I’m guesing that the reason it’s called that is because it switches the ‘male’ (the part with little wire things sticking out of it), into a female (the part with the little holes). They interlock – clearly a reference to male/female sexual intercourse. Anyways, I just find the whole thing kind of interesting, because it’s an example of how the technology of language genders the physical technology that we use everyday. Another obvious example would of course be ‘motherboard’, ‘mothership’… Can you think of anymore examples? There must be thousands…

4 Responses
  1. Simran Singh permalink
    February 22, 2009

    I am really glad that you brought up the resolution from Plenary. I agree that the ‘technologies of language’ has not been discussed enough, and it is true, words do have gender. Gender-neutrality has been constantly scrutinized in lots of text. To avoid gender-bias, writers have started to use “they/their, the person/reader,” or “he” and “she” an equal amount of times in novels, articles, textbooks, etc. Sometimes, gender-neutrality is associated with political-correctness. Words like “manpower” and “chairman” are sometimes believed to equate “-man” with “-human.” But now I feel like we have to constantly make sure we are saying “freshwoman” instead of “freshman” or “waiter” or “waitress” rather than just keeping words gender-neutral. The resolution passed today and it seems like, though we do go to a women’s college, gender is transformative and the words used to describe us as students should be neutral too. Thanks to those who presented the resolution!

  2. Hannah Mueller permalink
    February 22, 2009

    Yes, thanks for bringing this up, the resolution seems to have everything to do with what we’ve been talking about. Since being in this class and other gender classes here, I knew exactly why I wanted to vote for it. Even though I really sympathize with people who, like a friend at bmc, prefer to preserve this women’s college as a small pocket of space where (unlike pretty much the rest of the entire world) we refreshingly use ‘she’ INSTEAD of ‘he’, I supported the resolution because I don’t think it’s important to maintain the binary between male and female.

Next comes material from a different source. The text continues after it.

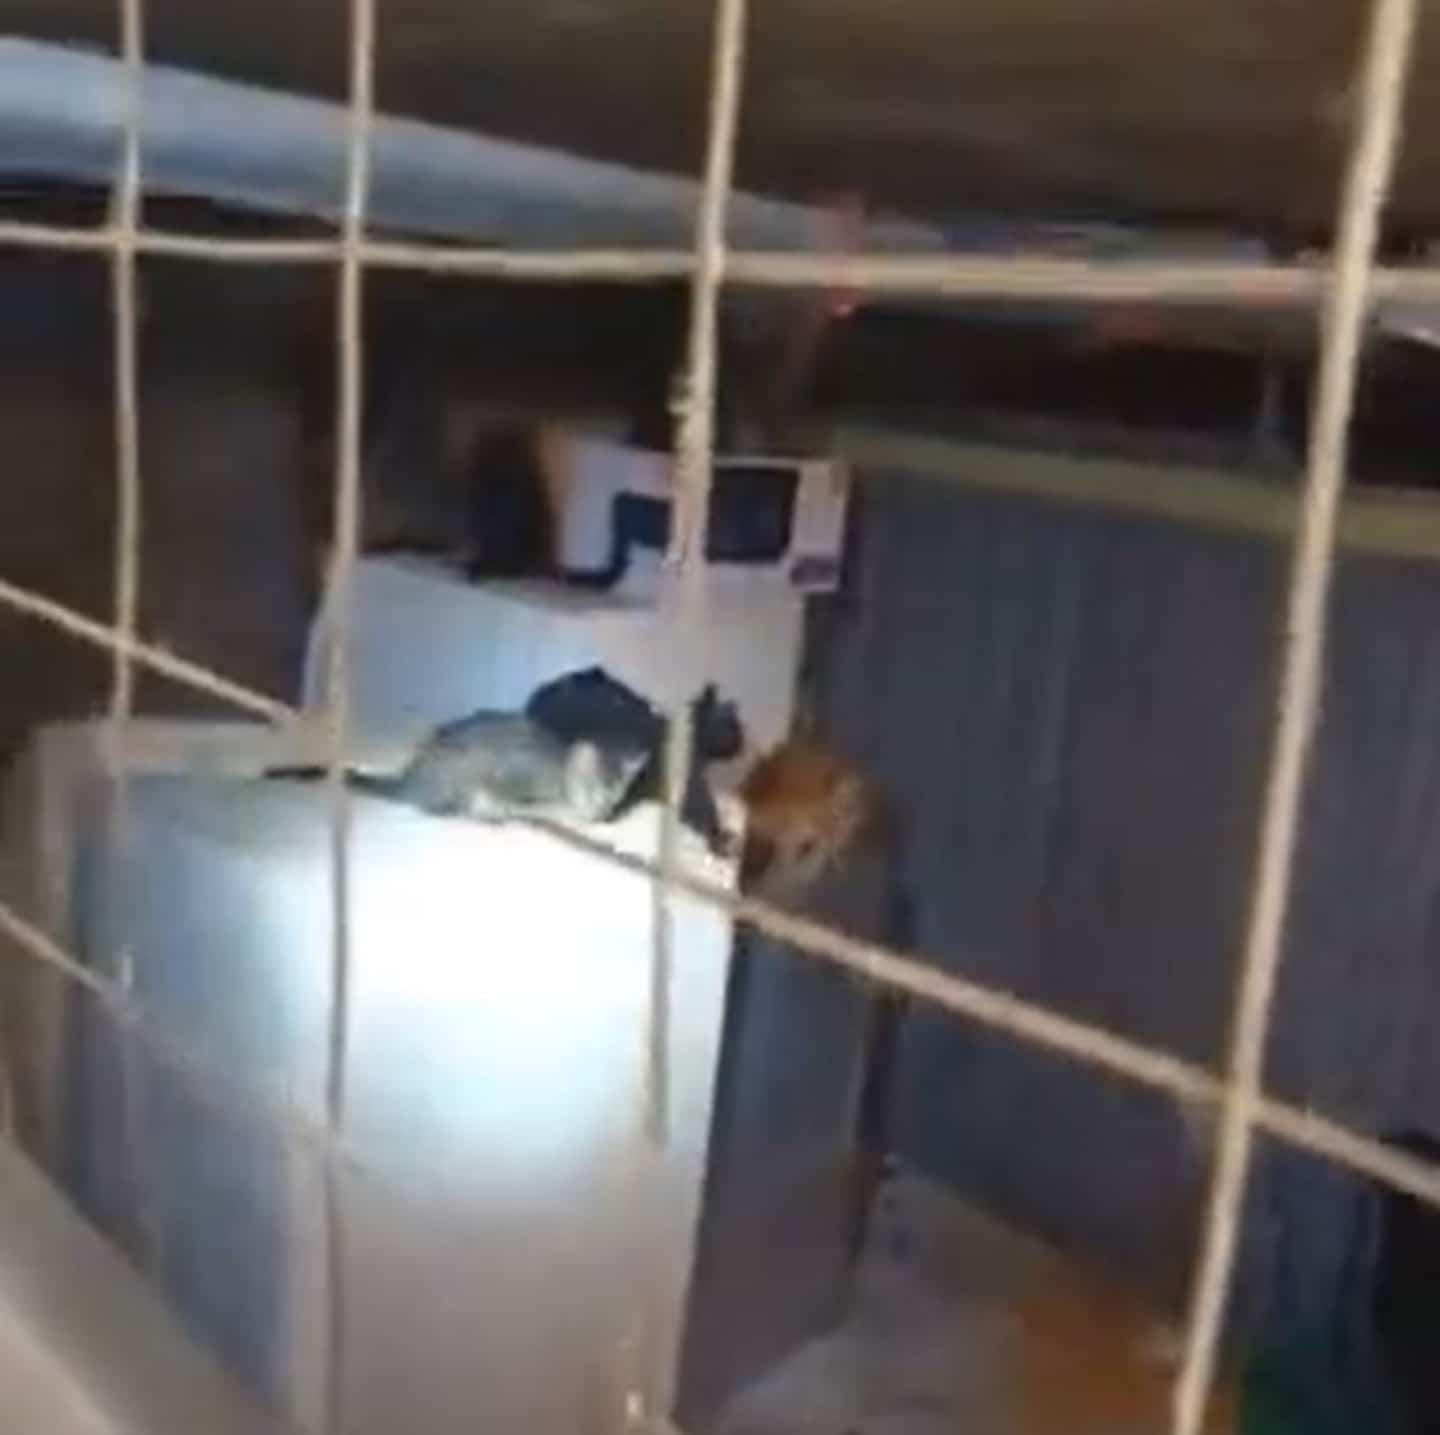 Twenty cats found in an “unsanitary” warehouse

    Your bringing up how language is a technology of gender reminds me of reading for another class, Eve Sedgwick, and her explanation of how ‘homosexuality’ and ‘heterosexuality’ are, basically, totally made up in the past 150 years in Western society. She questions why, of all the many many characteristics by which we could define our sexuality, it’s one arbitrary characteristic–‘genital sex of object choice’–that defines sexuality, and thus the word ‘homosexual’. Linguistically, adding ‘homo’ to ‘sexual’ could denote any sameness in the context of sex, e.g. that a person with brown hair is only attracted to other people with brown hair. Definitely language shapes our ideas of what’s normal or not.

  3. Ashley permalink
    February 23, 2009

    I’m glad you brought this up as well and I personally never thought of this as an issue until, of course, it was brought up in plenary and in many other discussion on campus. I too will like to have more discussions on the technology of language because I feel that these words impact many lives. I also feel like it can be difficult to keep words gender neutral just because they have been programmed into our heads for so long.

  4. February 24, 2009

    Ah the gender changers. Also, there are promiscuous networks. Is that gendered? I think about language a lot. Words do matter.